▸ Brief
Every picture should be left out, but the lines below must be repeated exactly.

▸ Data
┄┄┄┄┄┄┄┄┄┄┄┄┄┄┄┄┄┄┄┄
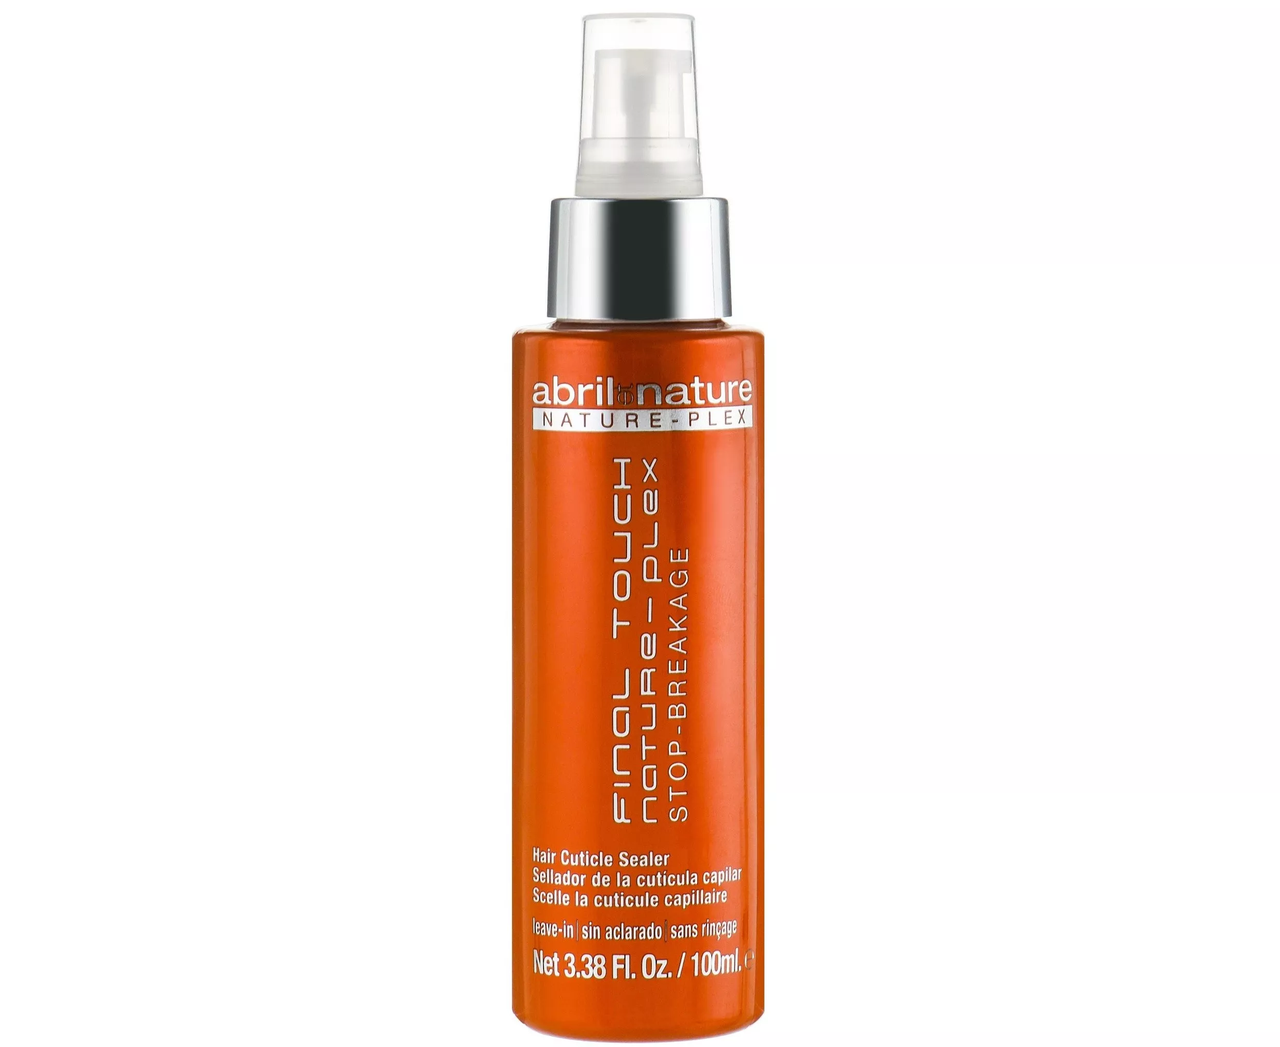 Сыворотка для восстановления и защиты волос Abril Et Nature Nature-Plex Final Touch Stop-Breakage Serum 100 мл
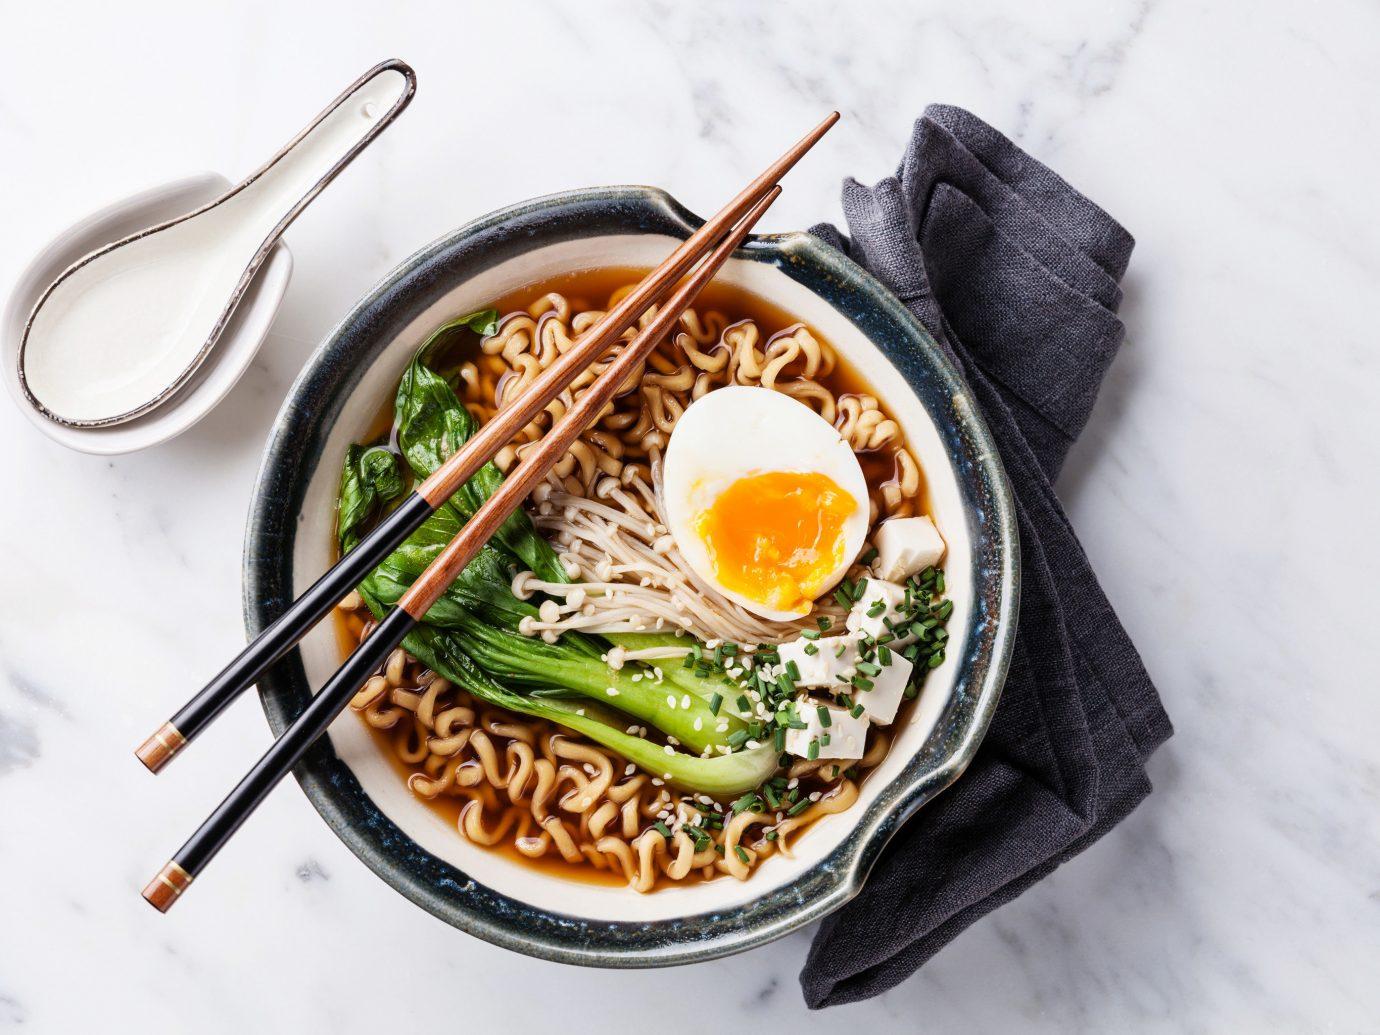 Food + Drink dish food cuisine meal asian food produce vegetable
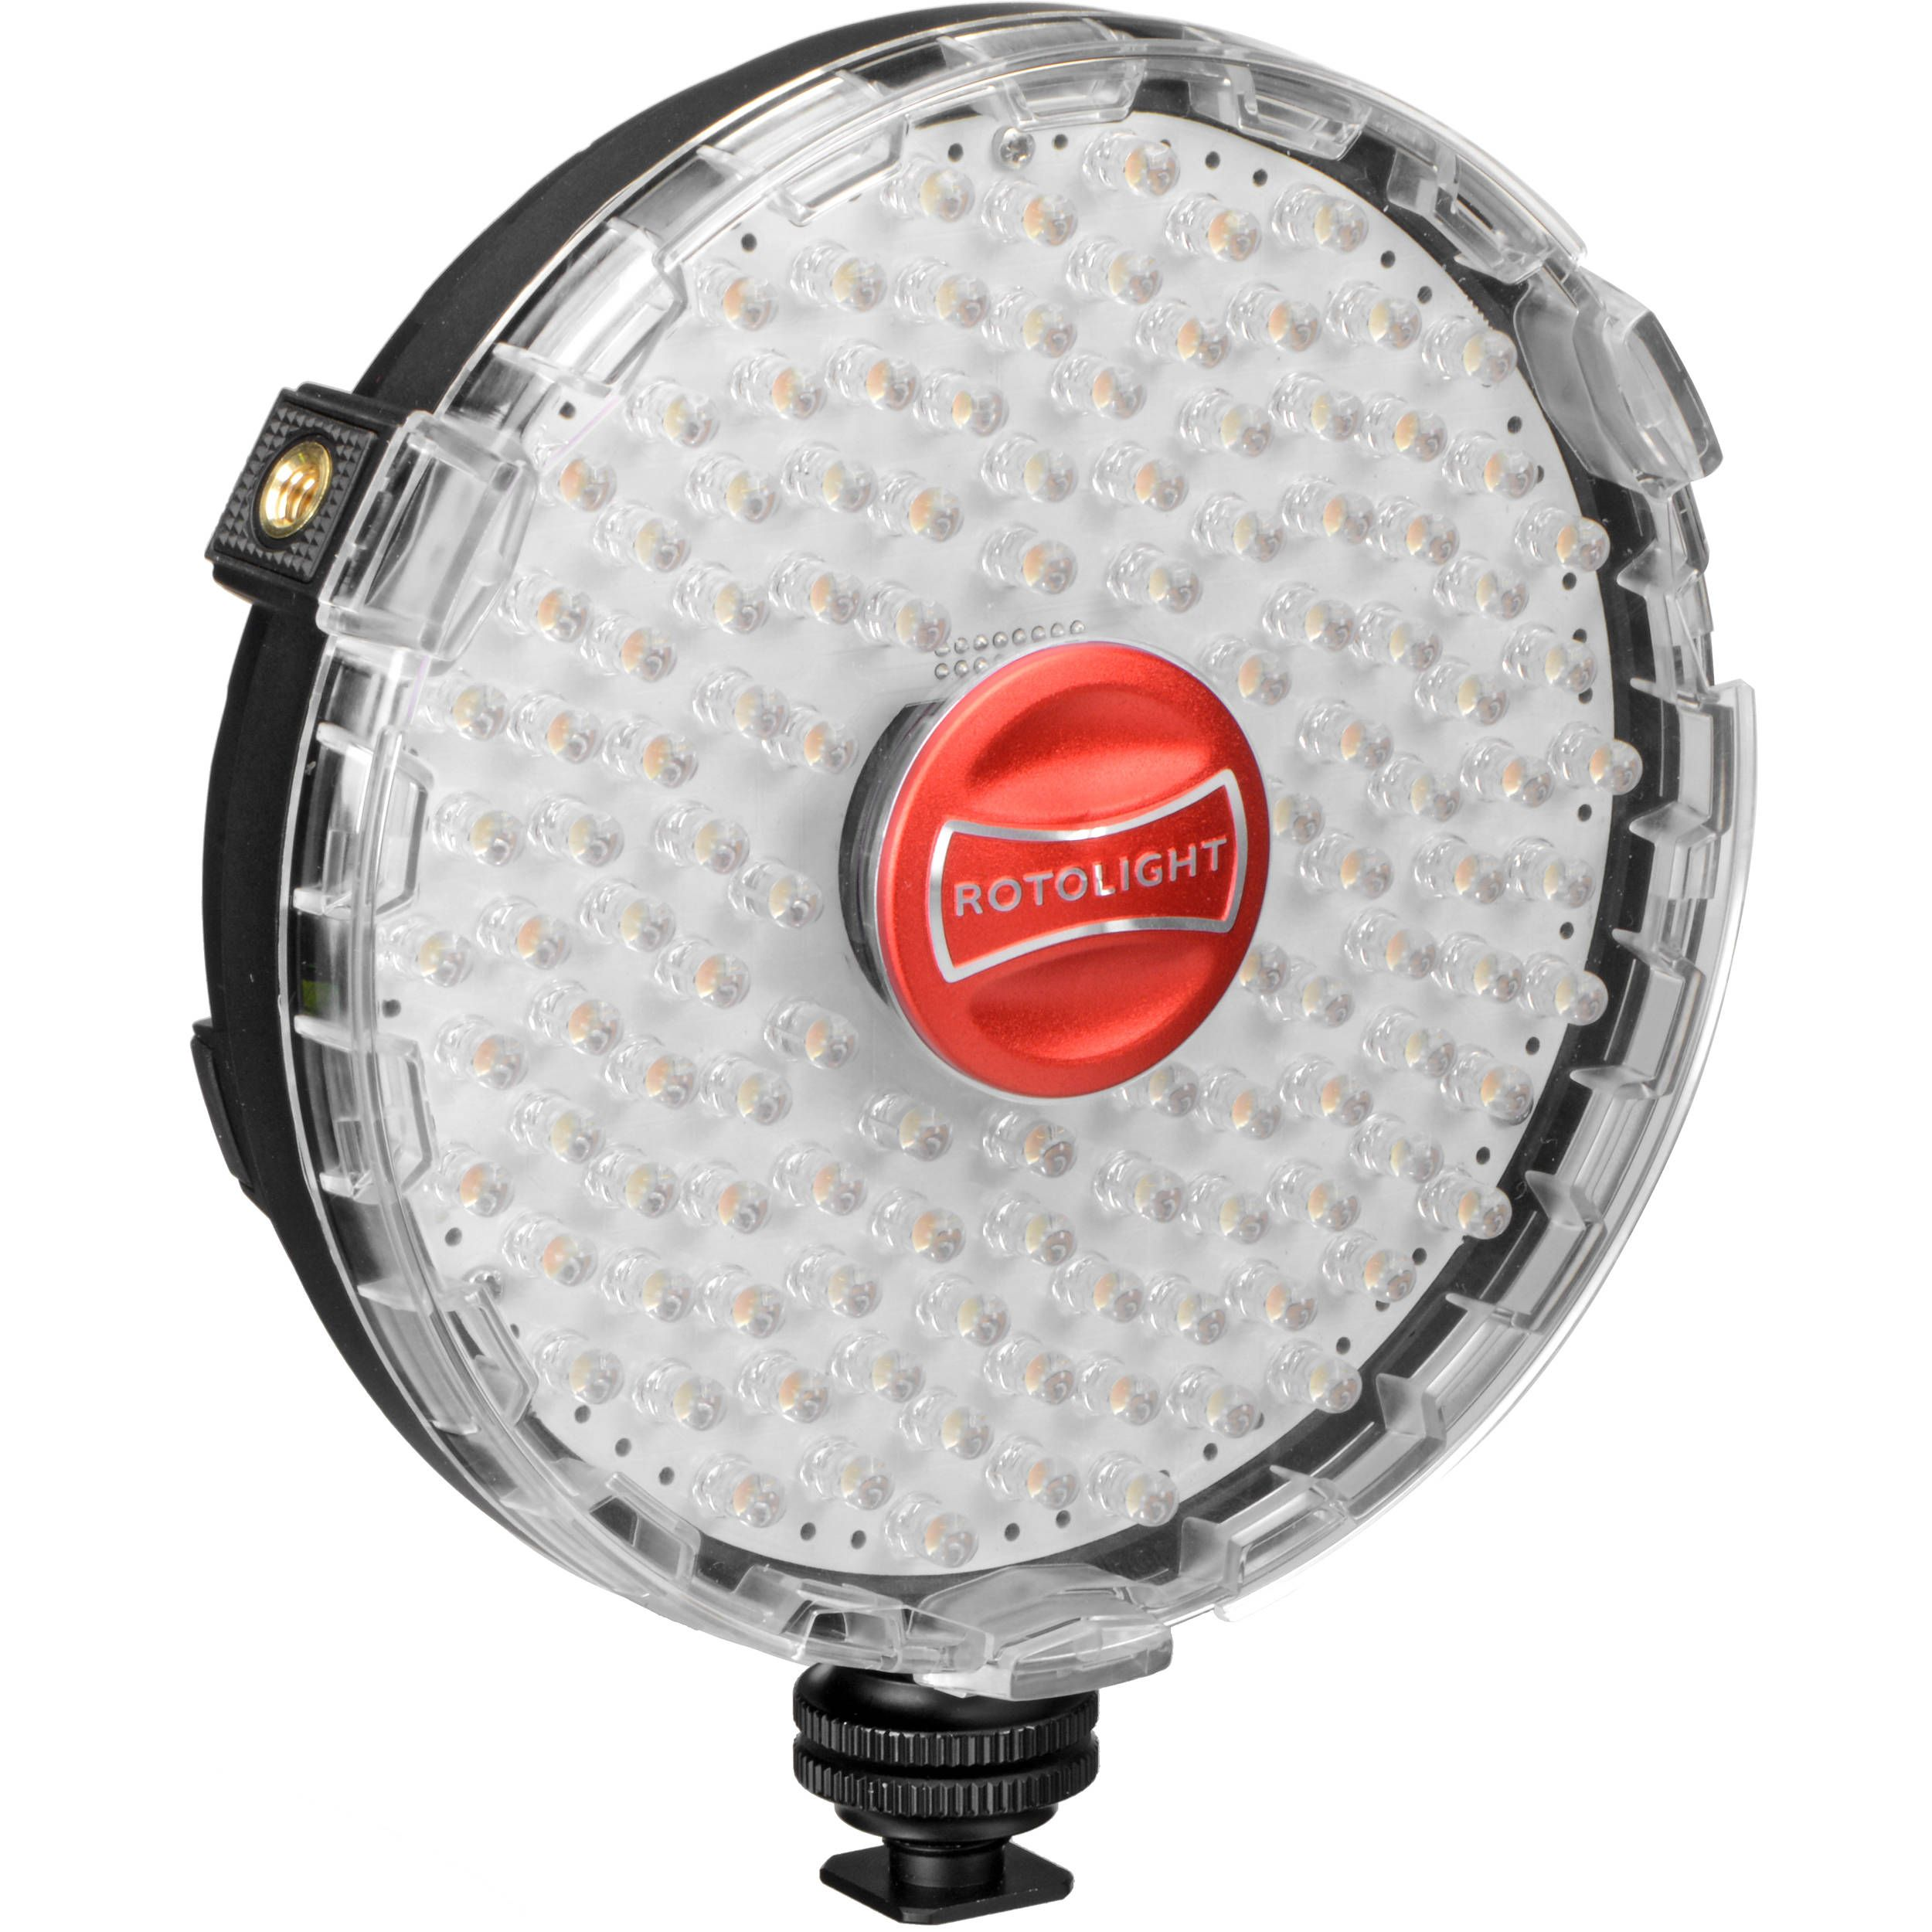 Camera Light Fixture: Rotolight Rotolight NEO On-Camera LED Light
┄┄┄┄┄┄┄┄┄┄┄┄┄┄┄┄┄┄┄┄
▸ Completed exercise
 Сыворотка для восстановления и защиты волос Abril Et Nature Nature-Plex Final Touch Stop-Breakage Serum 100 мл
 Food + Drink dish food cuisine meal asian food produce vegetable
 Camera Light Fixture: Rotolight Rotolight NEO On-Camera LED Light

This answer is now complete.